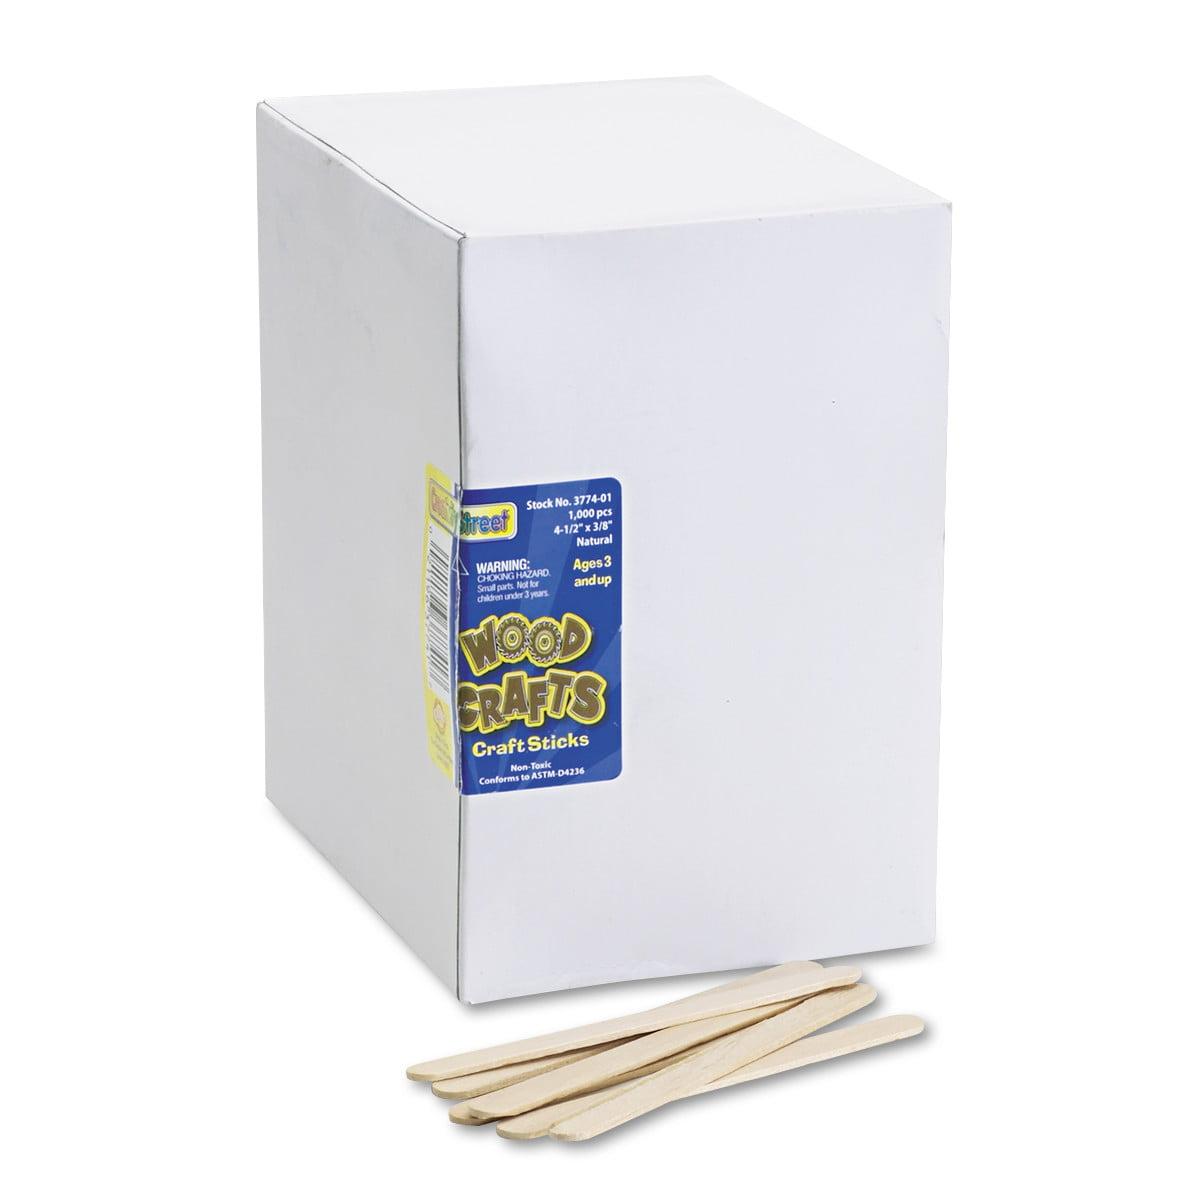 Chenille Kraft Natural Wood Craft Sticks, 4 1/2 x 3/8, Wood, Natural, 1000/Box
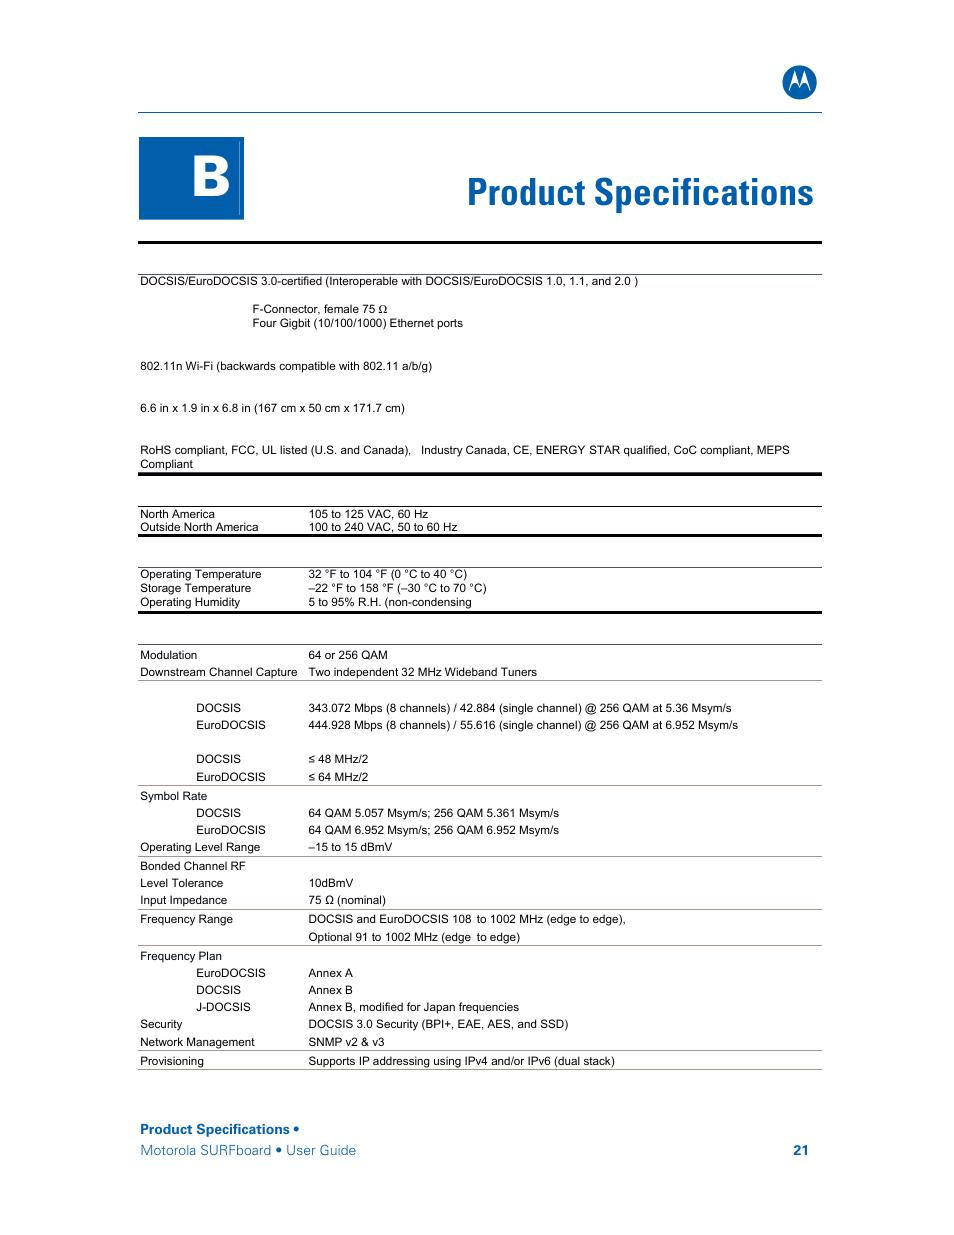 Product Specifications Motorola Surfboard Sbg6580 Series User
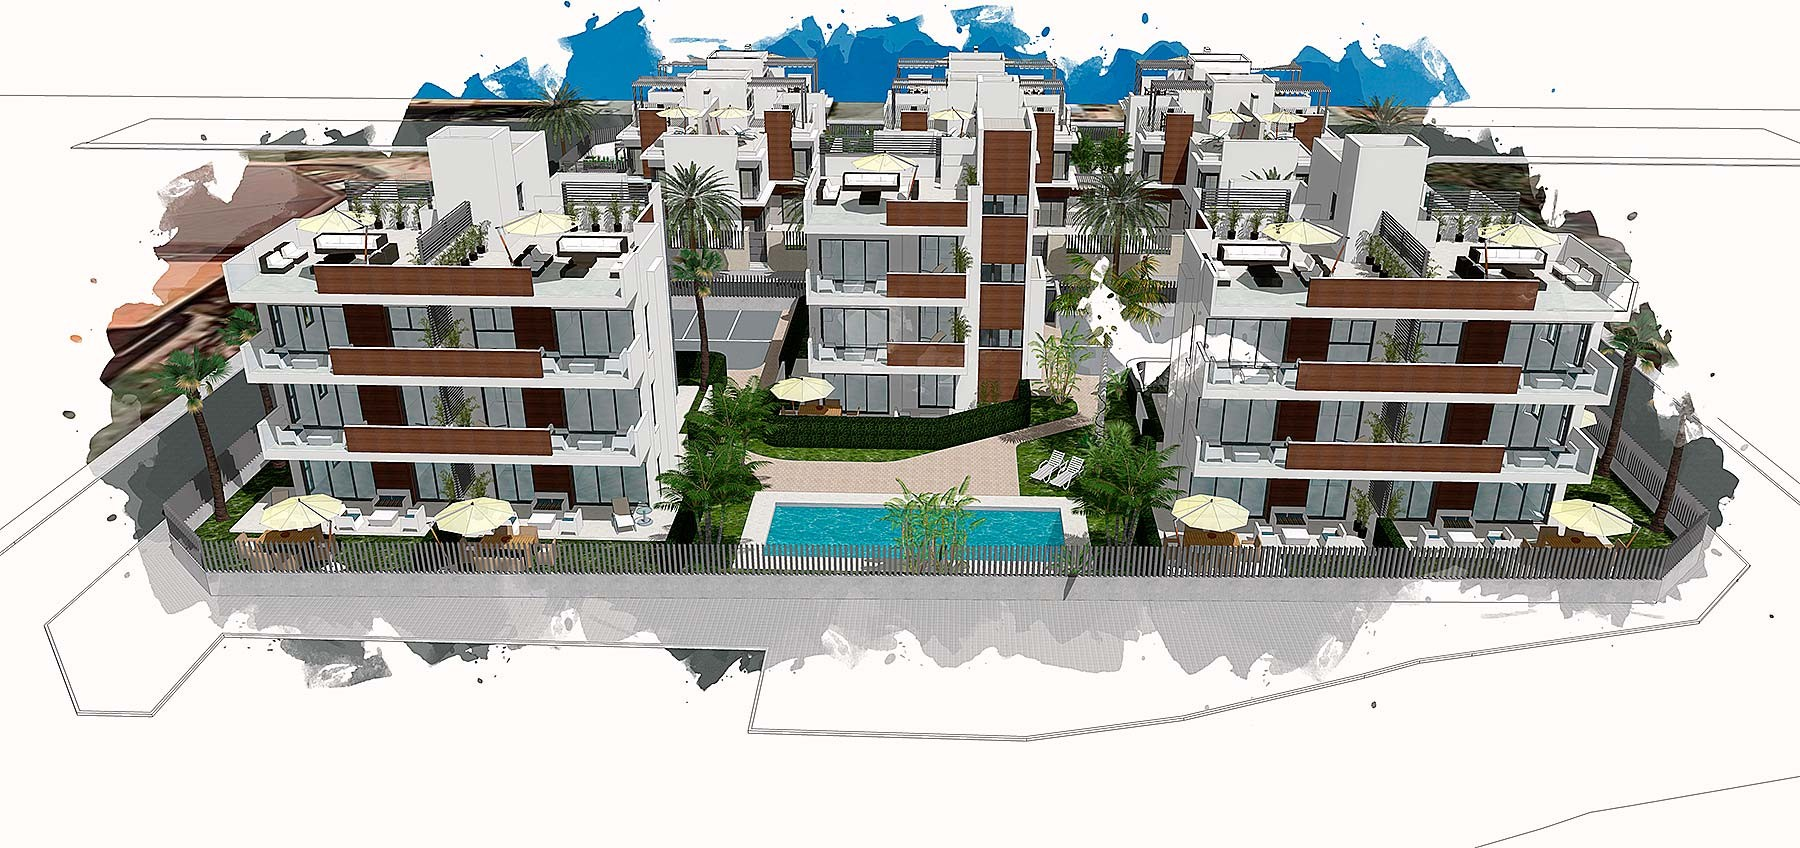 Апартаменты в Ла-Манга-дель-Мар-Менор
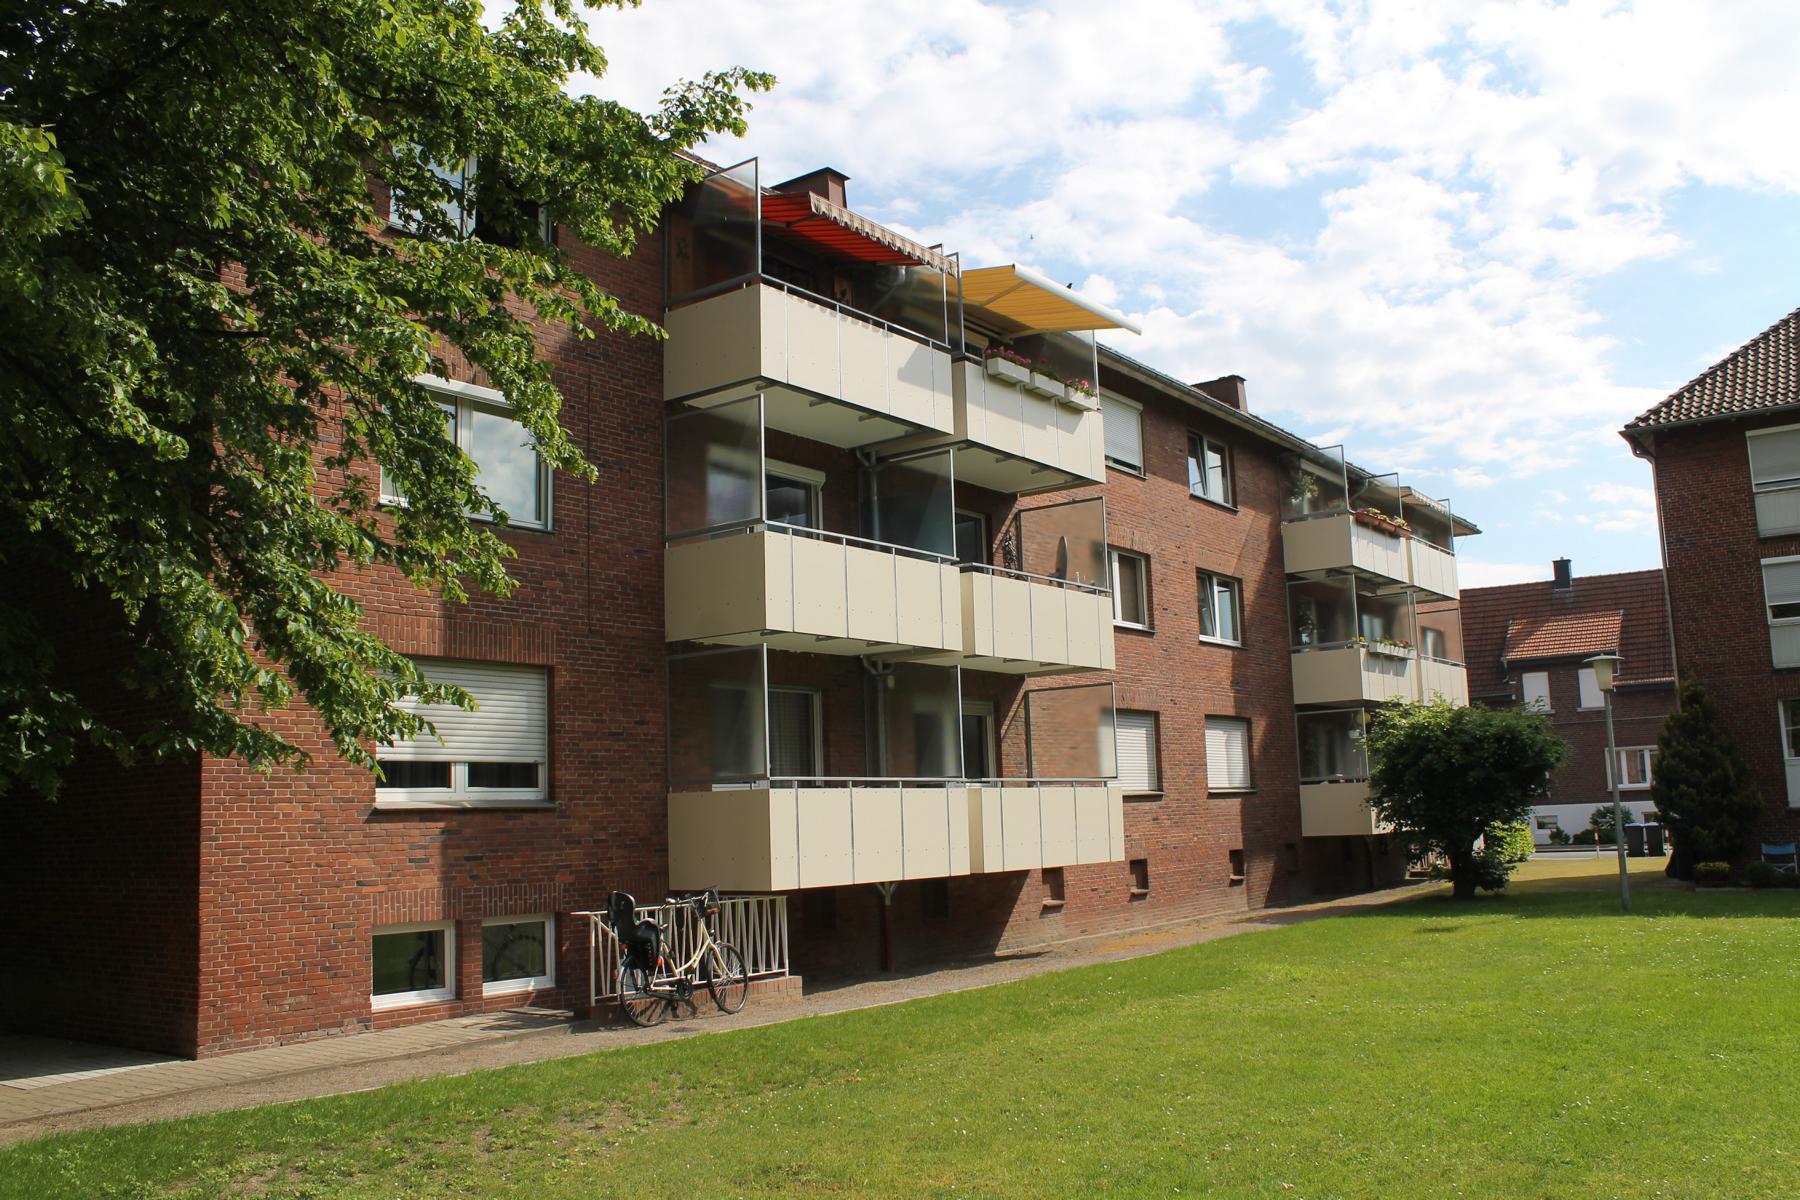 Balkon Sanierung Referenzobjekt 11

#### Work order:
Exclude all pictures and return precisely the lines from the one containing "Апартаменты в Ла-Манга-дель-Мар-Менор" through the closing line of the data.

#### Task response:
 Апартаменты в Ла-Манга-дель-Мар-Менор
 Balkon Sanierung Referenzobjekt 11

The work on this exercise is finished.